De voortzetting en uitwerking van de uitgangspunten met bijbehorende immigratie-doelstellingen van wetsvoordracht 22735 liep uiteindelijk geheel stuk op de vooropgezette tegenwerking van de rechterlijke macht die haar zou moeten toepassen, maar ook op brede maatschappelijke tegenkantingen die al in het voortraject van de eerste fase ervan duidelijk werden. De verantwoordelijke bewindspersoon Aad Kosto werd met misdrijven tegen het leven bedreigd, hetgeen resulteerde in het opblazen van ’s mans privéwoning, waarbij Kosto te nauwer nood zijn echtgenote die aan spieraandoeningen leed tijdig uit het pand kon halen.
Kosto meende niettemin, dat het wetsvoorstel voortgang moest blijven vinden. Hij kon de strekking ervan billijken en aanvaarden, mede, omdat hij onderschreef wat de geraadpleegde actuarissen hadden voorspeld over de stelselmatige ondermijning van de collectieve sector, gebaseerd op een systeem van plichtmatige volksverzekeringen. Deze ondermijning treedt nu manifest aan het daglicht. En als gewoonlijk zullen Henk en Ingrid het gelag gaan betalen, zoals zij dat ook moeten doen voor de nefaste gevolgen van de kredietcrises-2008 waar zij part noch deel aan hadden, evenmin als aan de begunstiging van de boven beschreven massale immigratiegolven.

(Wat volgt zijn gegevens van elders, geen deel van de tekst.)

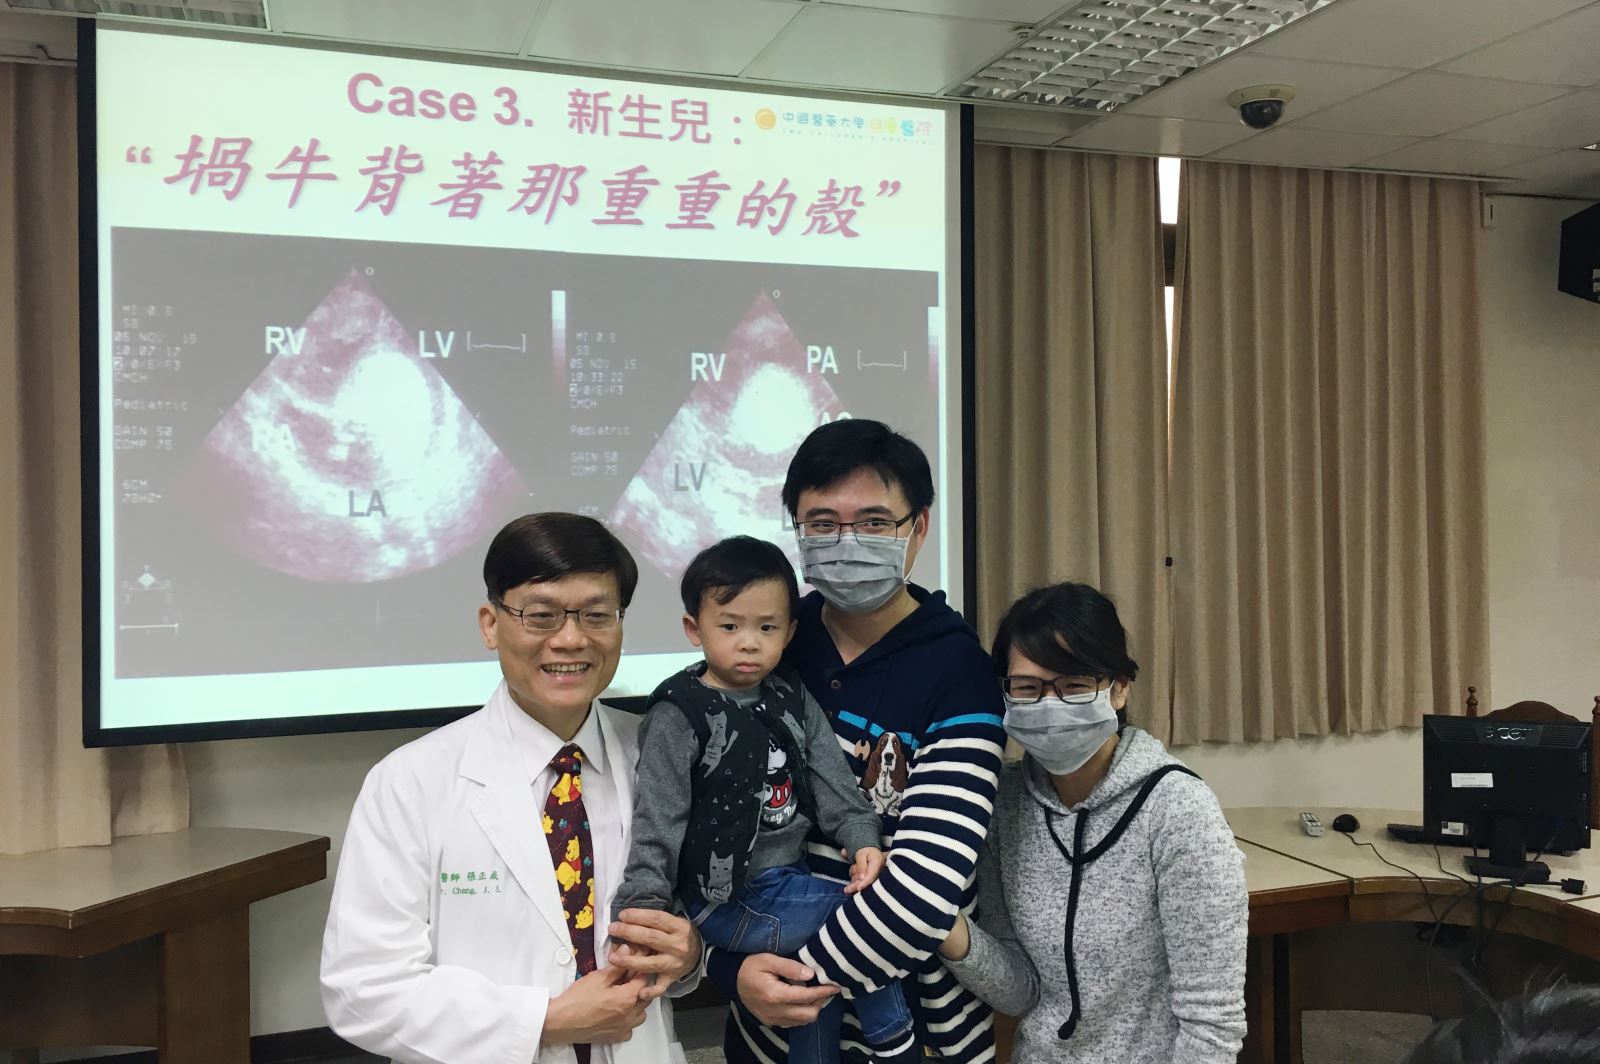 中國醫藥大學兒童醫院心臟科主任張正成醫師說，以往對這種危及性命的巨大心臟橫紋肌瘤的處理，都是執行高風險的新生兒開心手術，想辦法把這些肉瘤切除。

Deze begunstiging is mede te wijten aan de non gouvernementele organisaties die aan deze golven hun inverdieningsmodellen kunnen ontlenen, want hun personeel, boventallig als steeds, weet wel hoe in deze zachte sector de staatskas geplunderd kan worden. Verder bleek het meergeciteerde EVRM steeds vaker een – van oorsprong niet bedoelde – catalogus van generieke verblijfsgronden. De artikelen omtrent de waarborging van het recht op leven, het folterverbod, het vrijheidsrecht, het verbod van wrede of onmenselijke behandeling en vooral de brede en excessief garantie van het gezinsleven, de persoonlijke levenssfeer en het familieleven – private life, family life and analogous personal interdependencies and home – alles gedefinieerd naar het recht van de staat van herkomst, verplichten de EU-lidstaten in beginsel bij een real risk op schending van deze borgen tot feitelijke verblijfsverschaffing.
Maar niet veel hunner geven op grond daarvan klakkeloos een toelating af, met alle rechtsingang tot de collectieve sectoren op nationaal niveau. Nederland, soms maar vaker niet dan wel daartoe gedwongen door een rechterlijke uitspraak, altijd wel. Het doet dat op basis van de artikelen 93 en 94 van de Grondwet. Maar die toepassing is niet in overeenstemming met de reden waarom deze artikelen in die Grondwet op die plaats prijken. Die was gelegen in de weigering van de Hoge Raad om decreten van Hitler en verordeningen of wetsbesluiten van de Nazi-bezetter intrinsiek te toetsen aan het Landoorlogreglement-1907 en het bijbehorende verdrag nopens de regeling van vijandelijke bezettingen en hun verhoudingen tot het nationale recht van de bezette staat.
Het gevolg is nu, dat ook de Terugkeerrichtlijn van de EU betreffende de terugleiding van uitgeprocedeerde vreemdelingen naar de staat van herkomst of de eerstverantwoordelijke staat directe waarborgnormen blijkt te bevatten die uiteindelijk toch tot toelating nopen. Tenminste, dat vindt de Nederlandse rechter. Terwijl uit de geschiedenis van de totstandkoming van die Richtlijn blijkt dat de EU-leden – dus de staten – elkaar hier uniformiteit van die terugleiding beoogden te verzekeren. Dus instructies, op te volgen door de betrokken administraties.
Maar ook dat werd al in het vooruitzicht gesteld in de bewogen nacht van 22 december 1992 toen de Eerste Kamer morrend deze eerste wetsvoordracht aanvaardde. Pas toen staakten ook de departementen in het uitvoeringstraject hun openlijke tegenwerking. Zodat de circulaire uitvoeringsteksten tussen 22 december en 29 december alsnog gecomponeerd konden worden en het overgangsrecht op het nippertje in het Staatsblad geperst kon worden. Daarna werd het verzet niet gestaakt. Maar het werd ondergronds voortgezet. Met alle vrucht van dien.